Prediction Lifecycle Management

Manager API Restructuring

  • Rename Manager.Predict() to Manager.PredictSync() for clarity
  • Update Manager.PredictAsync() to return initial populated response instead of void
  • Refactor internal predict() method to return both channel and initial response
  • Add async parameter to assignReqToRunner() to control setup wait behavior

Runner Prediction Flow

  • Update runner.predict() signature to return initial response populated with request fields
  • Fix timestamp population in predict() method by setting CreatedAt/StartedAt on pending request
  • Add proper populateFromRequest() calls in handleResponseWebhooksAndCompletion after response overwrites
  • Ensure terminal responses call finalizeResponse() before sending through safeSend()

Webhook and Response Handling

  • Consolidate terminal webhook logic into unified sendTerminalWebhook() method
  • Fix race conditions by ensuring response finalization before webhook sending
  • Update subprocess monitoring to use populateFromRequest() for failed prediction responses
  • Ensure all webhook payloads include complete timestamp information

Test Infrastructure Improvements

Response Validation Framework

  • Add comprehensive unit tests for finalizeResponse() covering edge cases and error conditions
  • Add unit tests for populateFromRequest() method with field overwrite scenarios
  • Update all integration tests to validate CreatedAt, StartedAt, CompletedAt fields
  • Add ValidateTerminalWebhookResponse helper function for consistent terminal response validation

Test Harness Enhancements

  • Introduce testHarnessResponse type with string Logs field for easier test assertions
  • Update webhook receiver to use testHarnessResponse for simplified log comparisons
  • Retrofit existing tests to use new validation patterns without changing test logic

Bug Fixes

Timestamp Population Issues

  • Fix missing timestamps in sync prediction responses by ensuring populateFromRequest() calls
  • Resolve timestamp loss during response overwrites in handleResponseWebhooksAndCompletion
  • Ensure webhook payloads contain complete timestamp information for terminal events

Metrics and Finalization

  • Fix missing predict_time metric in terminal responses by calling finalizeResponse()
  • Ensure Metrics map initialization before metric calculation
  • Handle time parsing errors gracefully in finalizeResponse() method

Concurrency and Error Handling

  • Fix potential race conditions in webhook sending by proper response finalization order
  • Ensure cleanup of failed predictions includes populated response fields
  • Update error responses in runner stop scenarios to include request-derived fields

Backward Compatibility

  • Maintain existing API signatures where possible
  • Preserve webhook payload structure while adding timestamp fields
  • Keep existing test behavior while enhancing validation capabilities

Files Changed: 21 files changed, 478 insertions(+), 277 deletions(-)

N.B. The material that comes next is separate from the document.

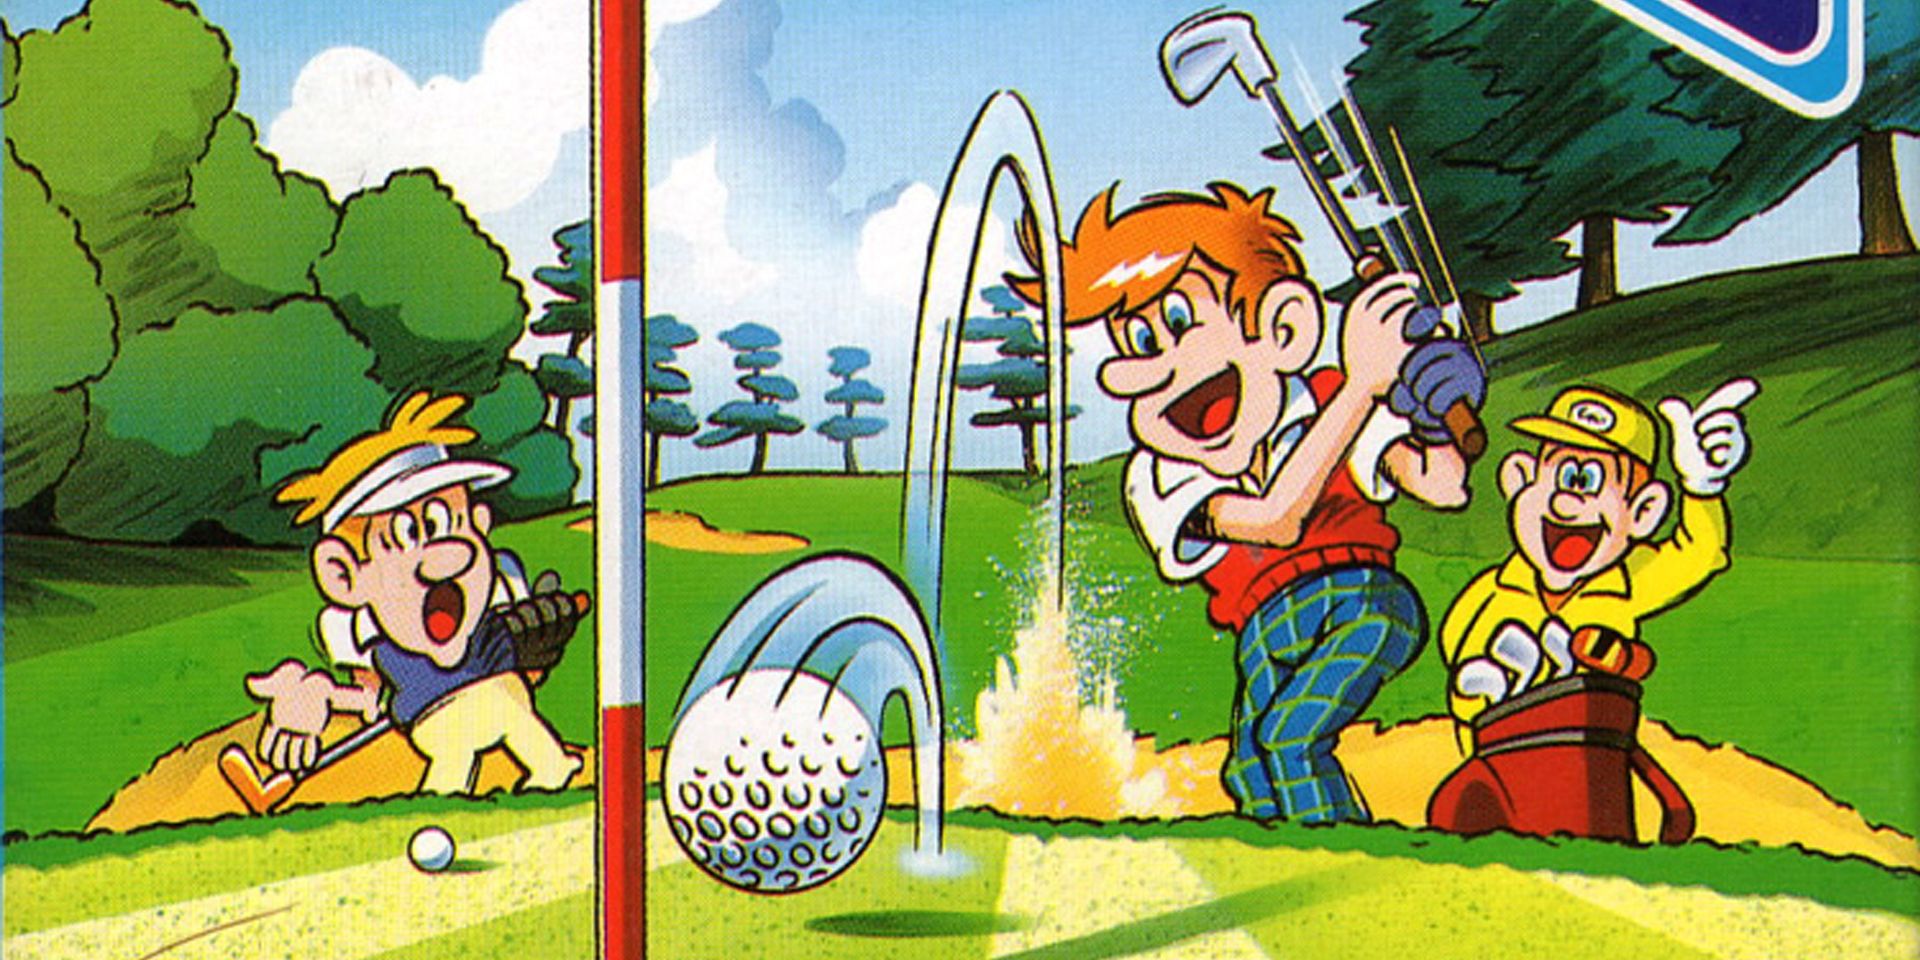 Some characters play golf in a Mario game.

@tempusfrangit tempusfrangit requested a review from a team as a code owner September 17, 2025 07:49
Copilot AI review requested due to automatic review settings September 17, 2025 07:49
Copy link
Copy Markdown

Copilot AI left a comment

Choose a reason for hiding this comment

The reason will be displayed to describe this comment to others. Learn more.

Pull Request Overview

This PR enhances the prediction response system by adding dedicated timestamp fields and fixing missing timestamp population across sync and async prediction flows. It consolidates the PredictionResponse type from the server package into the runner package while adding proper timestamp handling, metrics calculation, and webhook finalization.

  • Adds dedicated CreatedAt, StartedAt, CompletedAt timestamp fields with consistent microsecond precision formatting
  • Implements response finalization methods to ensure complete timestamp and metrics population before webhooks
  • Refactors Manager prediction methods to return initial responses for async predictions and fix sync response handling

Reviewed Changes

Copilot reviewed 21 out of 21 changed files in this pull request and generated 3 comments.

Show a summary per file
File Description
internal/config/config.go Adds TimeFormat constant for consistent microsecond precision timestamps
internal/runner/types.go Adds timestamp fields to PredictionResponse, implements finalizeResponse() and populateFromRequest() methods
internal/runner/types_test.go Adds comprehensive unit tests for response finalization and population methods
internal/runner/runner.go Updates predict() to return initial response and ensures proper timestamp population
internal/runner/manager.go Refactors prediction methods to handle initial responses and consolidates webhook logic
internal/runner/manager_test.go Updates test to use renamed PredictSync method
internal/runner/runner_test.go Updates tests to handle new predict() return signature
internal/server/types.go Removes PredictionResponse struct (consolidated into runner package)
internal/server/server.go Simplifies prediction handling and removes duplicate response conversion logic
internal/tests/*.go Updates test files to use new response types and adds terminal response validation

Tip: Customize your code reviews with copilot-instructions.md. Create the file or learn how to get started.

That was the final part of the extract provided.